Djnn.Codec currently validates:
StdioMCP servers must have a command;HttpandSseMCP servers must have a URL;- duplicate environment keys on one MCP server are rejected;
- duplicate MCP server names across the whole canonical config are rejected.
Validation is accumulating, not fail-fast. A single validation run should report all independent problems it can find.
Example shape:
validate :: Canonical -> Either (NonEmpty CodecError) CanonicalThe internal Validation type is applicative and intentionally has no Monad
instance. A monadic validation would naturally short-circuit; djnn wants
configuration checks to accumulate errors for better user feedback.

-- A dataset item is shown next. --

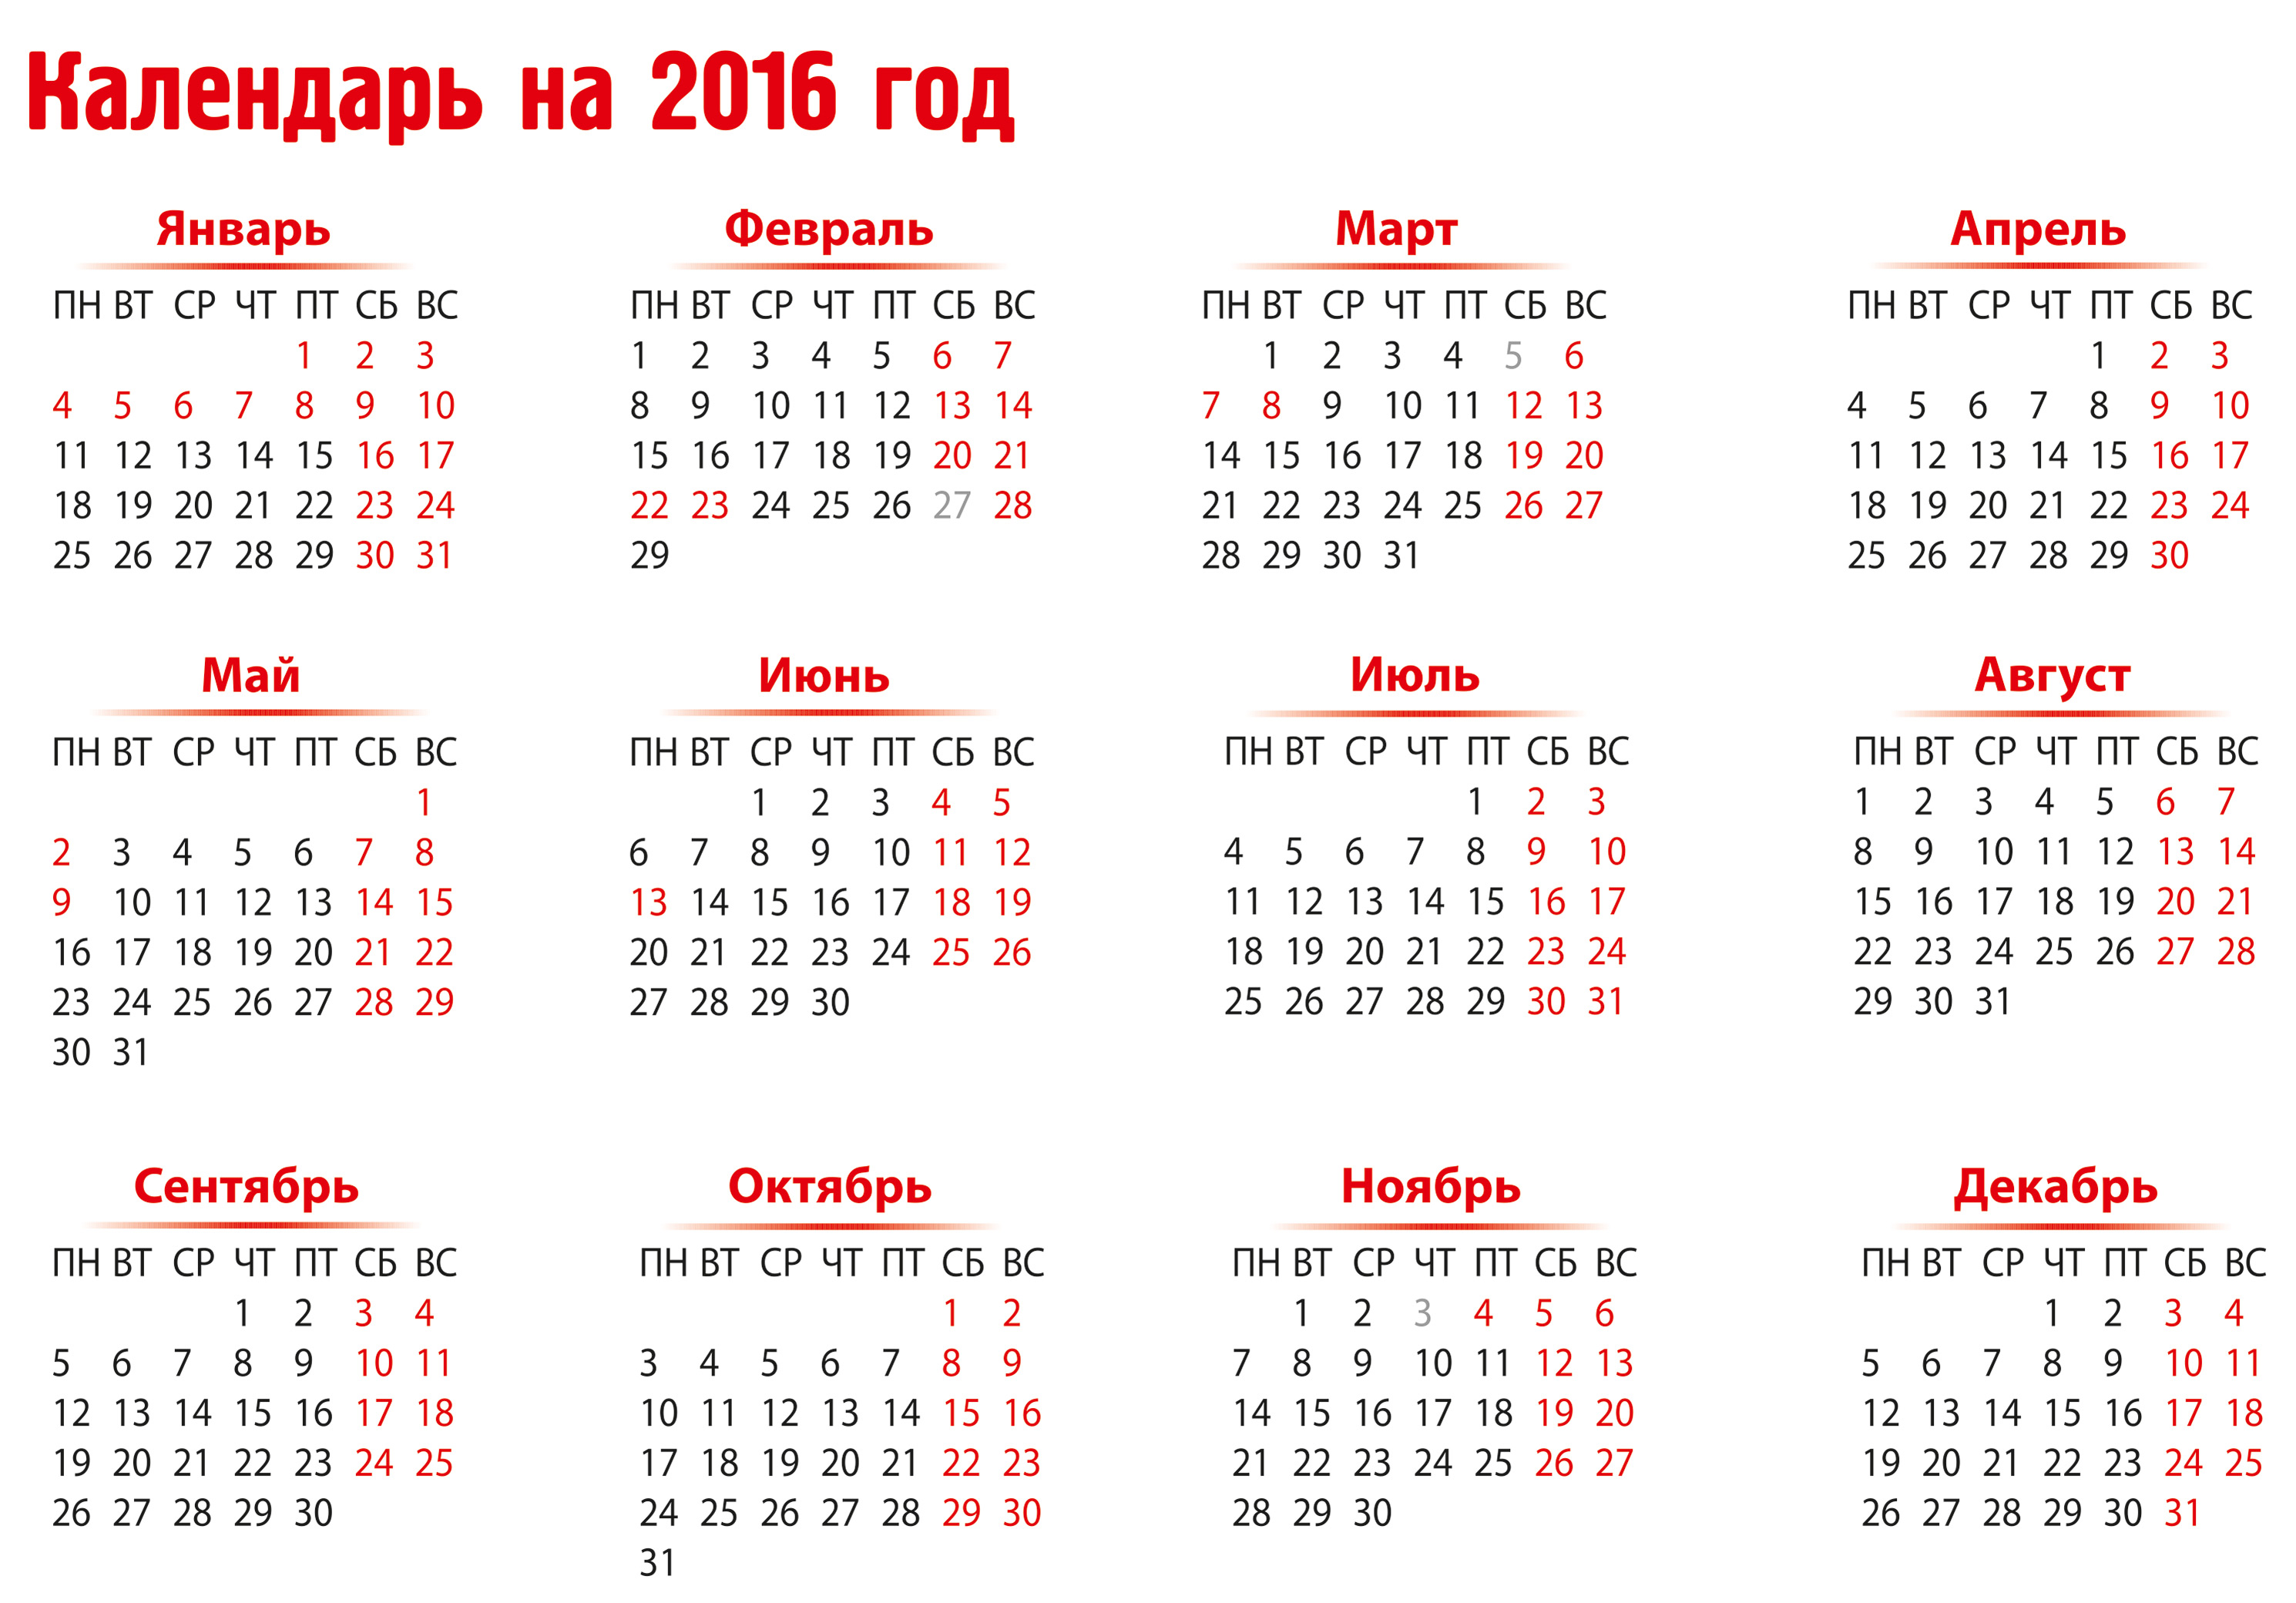 2017 год как работаем. Календарь 2016 года. Календарь 2016 года по месяцам. Праздники в календаре 2016 года. Календарь на 2016 год с праздниками и выходными.

The current development setup is:
GHC: 9.6.7
cabal-install: 3.14.x
HLS: 2.14.x
Cabal spec: 3.8
Recommended setup:
GHCup → installs GHC, cabal-install, and HLS
cabal → builds and manages the project
HLS → provides editor integration
Stack → not used for this project
The .cabal file currently uses:
cabal-version: 3.8This keeps the package description compatible with the HLS version used during development.
From the project root:
cabal build allRun the test suite:
cabal testThe current tests cover codec validation behavior, including accumulation of multiple independent errors.
Build Haddock documentation:
cabal haddockThis is useful when changing constructor documentation or exported module comments.
The executable command surface exists, but the commands are not implemented yet:
cabal run djnn -- init
cabal run djnn -- generate
cabal run djnn -- checkCurrent output is a placeholder:
djnn init: not yet implemented
The intended future behavior is:
djnn init create an initial authored config
djnn check decode and validate config without writing generated files
djnn generate decode, validate, and generate runtime-specific files
Current intended structure:
djnn/
├── app/
│ └── Main.hs
├── docs/
│ └── ROADMAP.md
├── src/
│ └── Djnn/
│ ├── Schema/
│ │ ├── Approval.hs
│ │ ├── Hook.hs
│ │ ├── MCP.hs
│ │ └── Policy.hs
│ ├── Canonical.hs
│ └── Codec.hs
├── test/
│ └── Main.hs
├── .gitignore
├── CHANGELOG.md
├── CONTRIBUTING.md
├── djnn.cabal
├── LICENSE
└── README.md
Check docs/ROADMAP.md for the engineering plan.
The high-level order is:
- canonical schema baseline;
- validation codec;
- authored config decoder;
- runtime generators;
- implemented CLI;
- conformance fixtures and compatibility matrix.